Istana
Oleh : Diah Estu Asih
Aku bersembunyi di balik awan-awan tebal yang lembut. Sinarnya terasa sejuk, mengarah ke atas hingga mencapai langit tertinggi. Aku membuat lubang kecil di awan itu, lalu meletakkan mataku di sana untuk melihat bumi.
Di bumi, sebuah istana megah yang dibuat dari tulang-belulang manusia mati tampak memikat setiap orang yang melihatnya. Puncak bangunan itu runcing dan mengilat. Dinding-dindingnya berwarna putih. Orang-orang di dalamnya memakai sayap-sayap merpati yang sangat indah. Mereka terbang ke bumi bagian lain, dan setiap perjalanannya direkam oleh mata elang yang sangat tajam.
Orang-orang di pasar tradisional yang didatangi orang-orang dari istana itu berteriak-teriak senang. Mereka mengagumi sayap-sayap merpati yang mengepak indah. Mereka ingin menyentuhnya, tapi tidak jadi menyentuhnya karena merasa tangan mereka sangat kotor dan bisa menodai kesucian sayap merpati itu.
Orang-orang dari istana itu berbicara dengan gaya yang sangat lembut. Bahkan kelembutan suaranya saja mampu membuat semua orang di pasar berkumpul dan mendengarkan pidato singkat dari orang-orang istana itu. Mereka lupa menjaga dagangan yang bisa dicuri atau dirusak oleh kawanan anjing yang tidak mereka sadari kehadirannya. Tapi rupanya masih ada beberapa orang yang tidak meninggalkan dagangannya dan tetap membiarkan kawanan anjing itu merusak dagangan lain dan mencuri daging-daging segar.
Ketika orang-orang dari istana selesai berpidato, semua orang di pasar kembali ke tempat dagangan mereka berada. Namun alangkah terkejutnya mereka begitu melihat sayuran-sayuran, buah-buahan, dan dagangan lain berserakan di tanah. Penjual daging menangisi daging-dagingnya yang hilang. Bukan hanya mereka yang terkejut, tetapi orang-orang dari istana juga sangat terkejut.
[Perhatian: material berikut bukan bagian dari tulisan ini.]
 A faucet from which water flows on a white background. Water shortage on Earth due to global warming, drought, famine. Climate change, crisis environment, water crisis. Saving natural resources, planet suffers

Orang-orang istana yang berniat mengelilingi pasar pun batal, dan tatapannya menjadi laser merah mengenai mata penjual yang tidak ikut berkumpul mendengarkan pidatonya tadi.
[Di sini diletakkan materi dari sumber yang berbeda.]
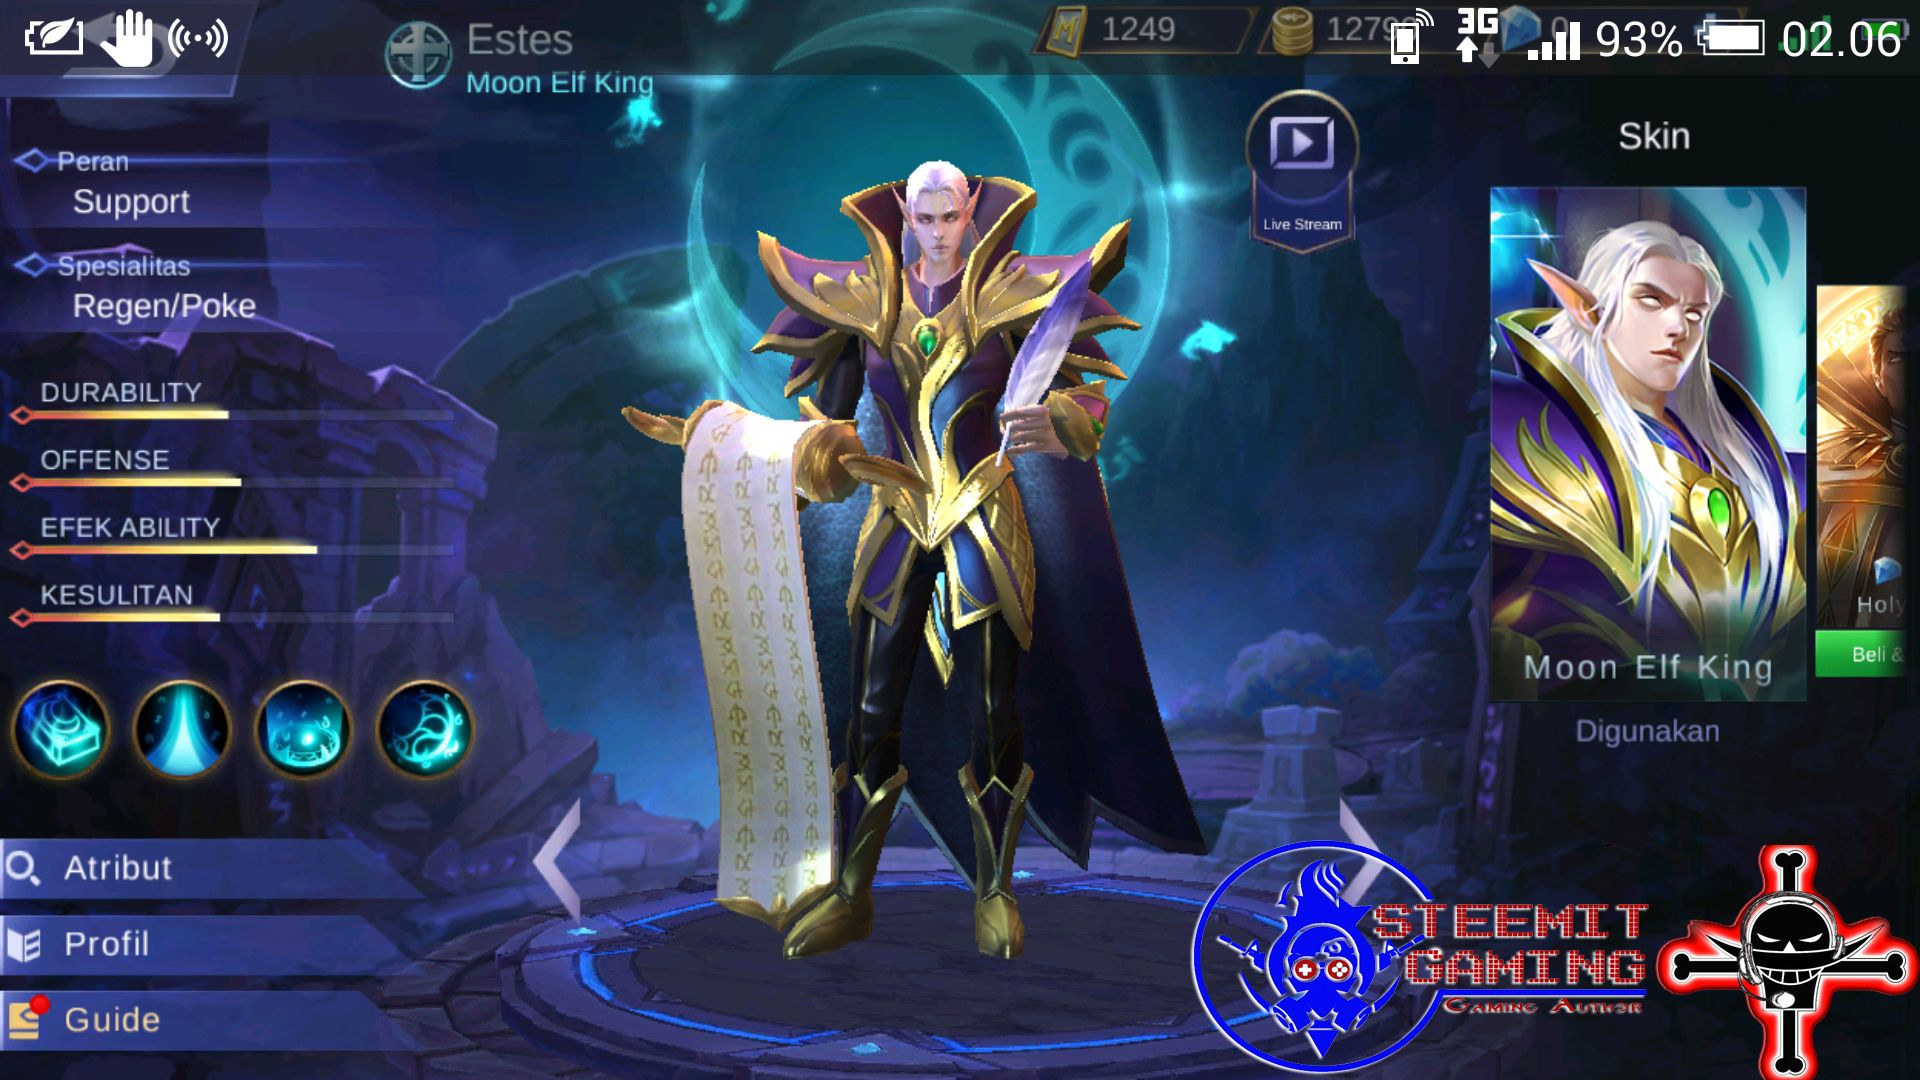 How to play Hero Estes get LEGENDARY in mobile Legends game by me  @tanzilalmubarak #1 — Steemit

“Tanya pada mereka, kenapa membiarkan anjing-anjing merusak pasar ini!” orang-orang istana tersebut berteriak garang.
Penjual yang ditanya pun tidak bisa menjawab. Orang-orang istana tersebut menyuruh orang-orang berpakaian hitam yang membawa tombak untuk mengangkut penjual-penjual itu. Mereka dibawa ke tempat yang sangat jauh, memasuki jalan bawah tanah hingga mereka bisa melihat cairan berwarna merah yang sangat panas.
“Kenapa tidak menyuruh anjing-anjing itu pergi?” tanya orang berpakaian hitam.
“Anjing-anjing itu bisa menyerang kami.”
“Kenapa tidak meminta bantuan dari kami dan orang-orang istana?”
“Kalian tidak akan bisa mendengar kami.”
“Kenapa kami tidak bisa mendengar kalian?”
“Telinga kalian sudah kalian sumpali dengan tai anjing.”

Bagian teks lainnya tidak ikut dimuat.